Wednesday, January 7, 1987 Former attorney Lester H. Burns Jr. of Pulaski County has repaid $175,000 to Fleming-Neon physician Roscoe J. Acker. The money was delivered to Whitesburg attorney James Wood, who represents Acker in a civil lawsuit the doctor filed against Burns and others accused of profiting from $1.9 million robbed from Acker’s bedside safe in August, 1985. Meanwhile, Letcher County Commonwealth’s Attorney James Wiley Craft said the investigation into the robbery, which resulted in the death of Acker’s 23-yearold daughter, Tammy, is continuing at both the local and federal level.
. Former Jenkins Mayor James F. “Chum” Tackett announced this week that he will run for the office of Kentucky Secretary of State.
. Whitesburg defeated the Sheldon Clark Lady Cardinals 62-31 in the second game of the Lady ‘Jacket Invitational round robin tournament on December 30.
Wednesday, January 8, 1997 More than 60 “active” illegal dumps can be found on hillsides, up hollows, on the riverbanks and roadsides in Letcher County.

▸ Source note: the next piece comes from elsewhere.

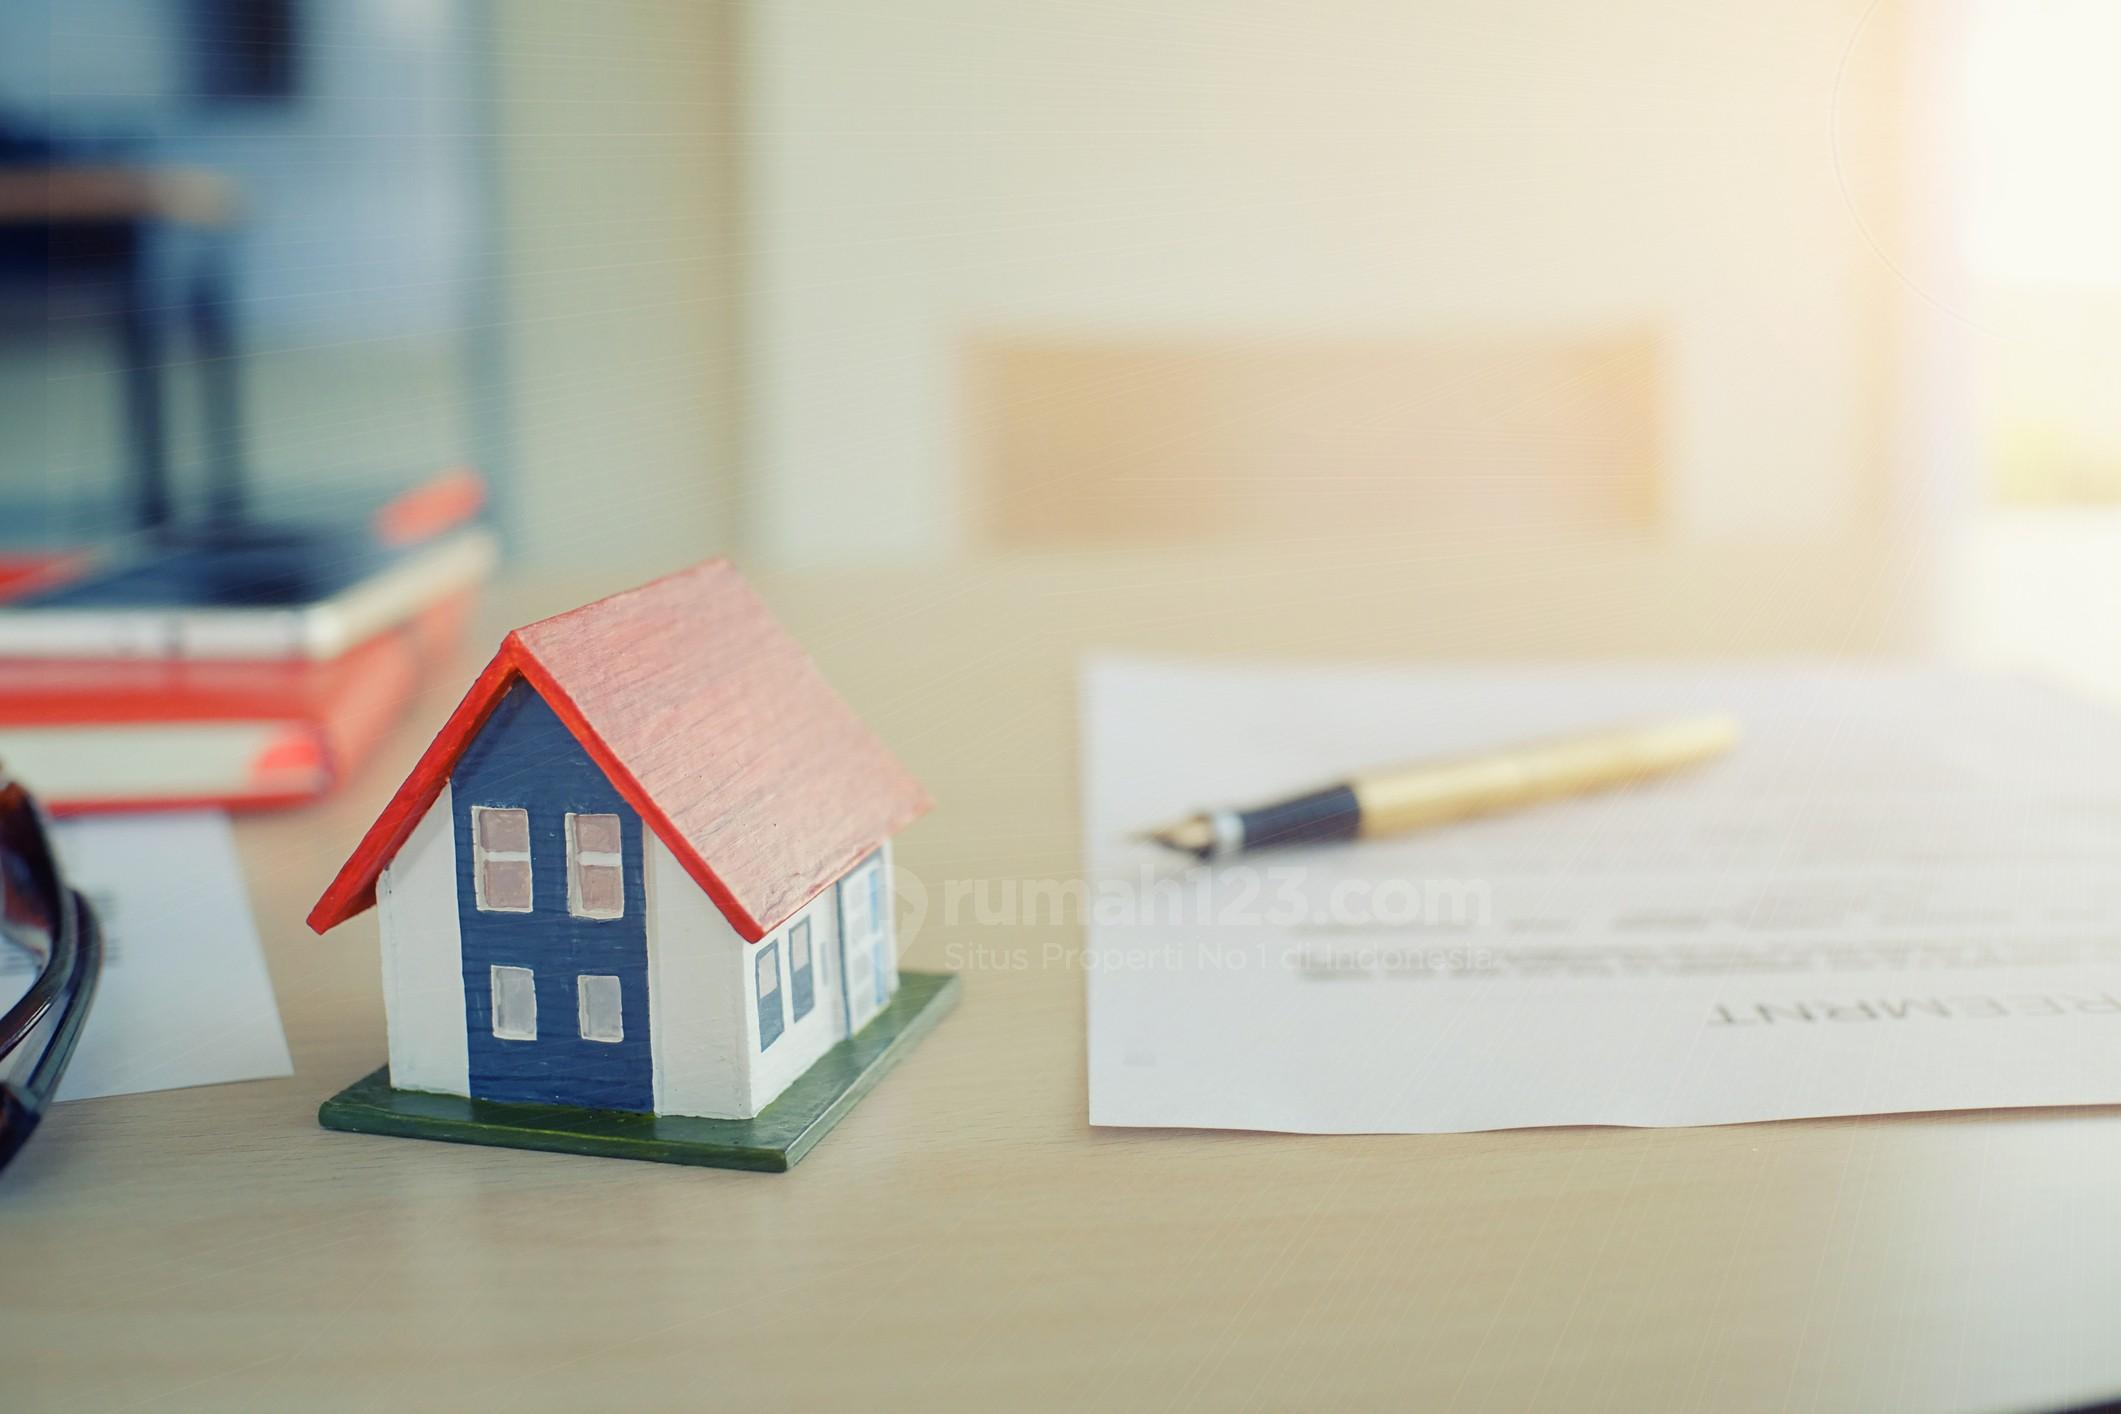 izin mendirikan bangunan - rumah123.com

. At its January meeting the Jenkins City Council authorized Mayor Robert E. “Pud” Schubert to sign a contract with Royalty Construction Company of Jenkins to begin work on the $213,965 project to restore the old C&O Railroad Depot on Main Street.
. The City of Whitesburg’s parking lot on Broadway is almost empty these days as employees of downtown businesses abandon parking in lots for spaces on Main Street. Business owners want to see Whitesburg officials start enforcing a city law that limits parking on Main Street to two hours during business hours. Some storeowners say the lack of parking for customers hurts business.
Wednesday, January 10, 2007 Postal service officials say the Millstone Post Office building will shut its doors on February 5. Mail service will be moved to the building next door to Sears at Mayking. The post office needs to be moved in order for the Kentucky Department of Transportation to widen the one-lane bridge near the post office.
. A 52.5-ton military tank now belongs to the Letcher County Veterans Memorial Museum. Buddy Grubb, who helped found the museum, said the tank could draw tourists to the county.
. The Lady Cougars fell to Shelby Valley 61-59, but then blasted East Ridge 50-33.
. Alta Mae and Eugene Hall of Ermine celebrated their 50th wedding anniversary on January 5.